Foto

Марк Дион. «Дилетанта интересует всё»

Томасс Парупс

Беседа в Риге с художником Марком Дионом о предметах, их материи и их возможностях

13/07/2018

Американский художник Марк Дион нередко называет себя дилетантом, хотя его достижения свидетельствуют об обратном. Весной 2018 года в лондонской Whitechapel Gallery прошла его масштабная персональная выставка Theatre of the Natural World («Театр природного мира»). Его работы можно увидеть в самых значительных музеях и галереях мира, в том числе в MoMA PS1 в Нью-Йорке, в музее Гуггенхайма в Бильбао и лондонском Tate Modern.

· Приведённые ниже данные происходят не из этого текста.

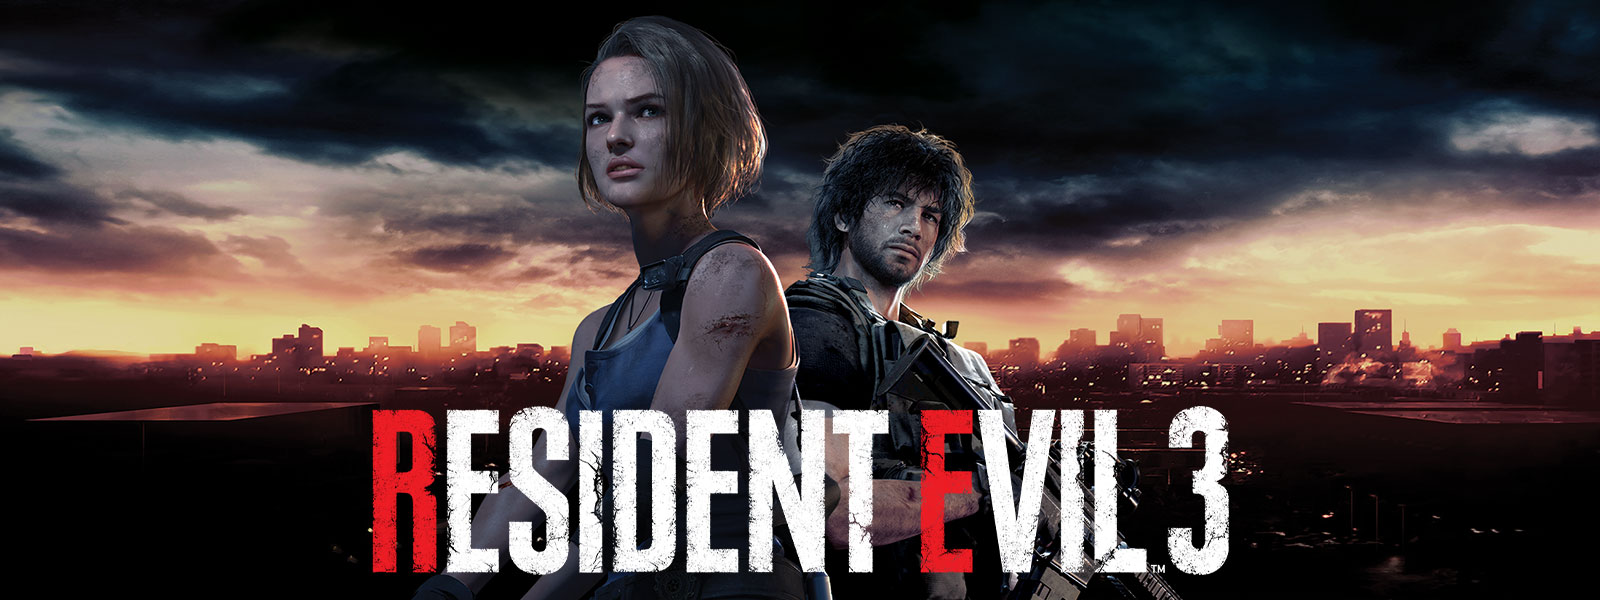 Resident Evil 3, Jill Valentine og Carlos Oliveira står med skylinen fra Raccoon City bag sig
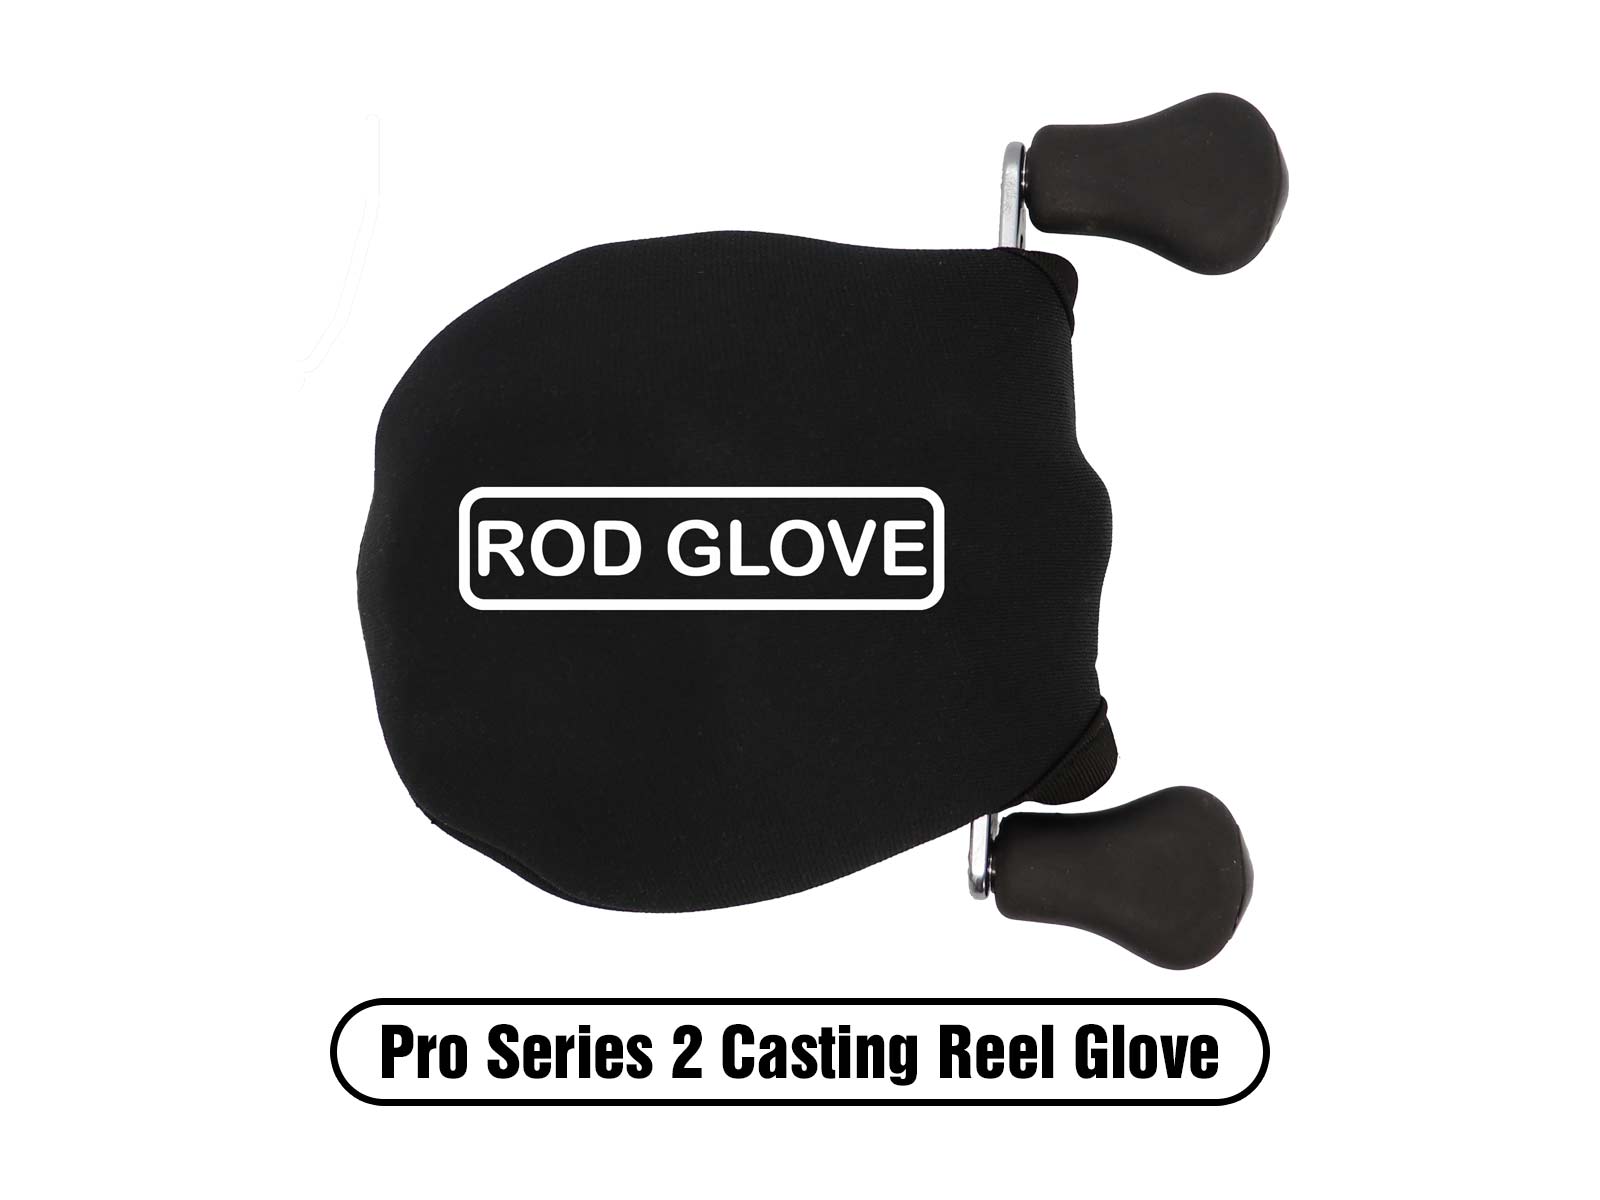 The Rod Glove Casting Rod Gloves

В большей части доступных в сети материалов о Дионе его называют «концептуальным художником», но сам он эту характеристику не признаёт. По правде говоря, занятия Диона трудно охарактеризовать одним словом или даже набором слов. Он – исследователь среды, археолог, просветитель и др. Свою карьеру начинал как реставратор. В творческой деятельности Дион обратился к слиянию очень разных дисциплин. Подключая разнообразный спектр сотрудников – добровольцев и отраслевых экспертов, – художник реализует сложные и трудоёмкие полевые исследования, результаты которых можно потом увидеть в выставочных залах.


Mark Dion. Paris Streetscape, 2017, installation view from Dioramas, Palais de Tokyo. Courtesy of Mark Dion / Galerie in Situ – Fabienne Leclerc, Paris. Photo: Aurélien Mole

Дион создаёт таксономические инсталляции – своего рода комментарии о том, как господствующие идеологические и образовательные институции влияют на взгляды человека на историю, природу и мир. Собирая и сортируя найденные предметы и образцы встречающихся в природе растений или скелетов животных, Дион отдаётся процессу тщательного упорядочения и категоризации. Он создаёт инсталляции, обобщающие почти неизмеримое количество экземпляров различных предметов – начиная с обломков керамики раннего периода Римской империи и заканчивая винтовыми пробками от пластмассовых бутылок. Используя кажущиеся абсолютно бытовыми и невыразительными фрагменты истории, художник обращает внимание на прошлое, которое иначе бы не было никак обозначено.

С начала этого лета работу Марка Диона «Экскурсия в тёмный музей» можно посмотреть в бывшем здании биологического факультета Латвийского университета. Она появилась здесь в рамках экспозиции первой Рижской международной биеннале современного искусства. Для беседы с художником мы встретились в день её открытия прямо в парке Кронвалда, неподалёку от биологического факультета.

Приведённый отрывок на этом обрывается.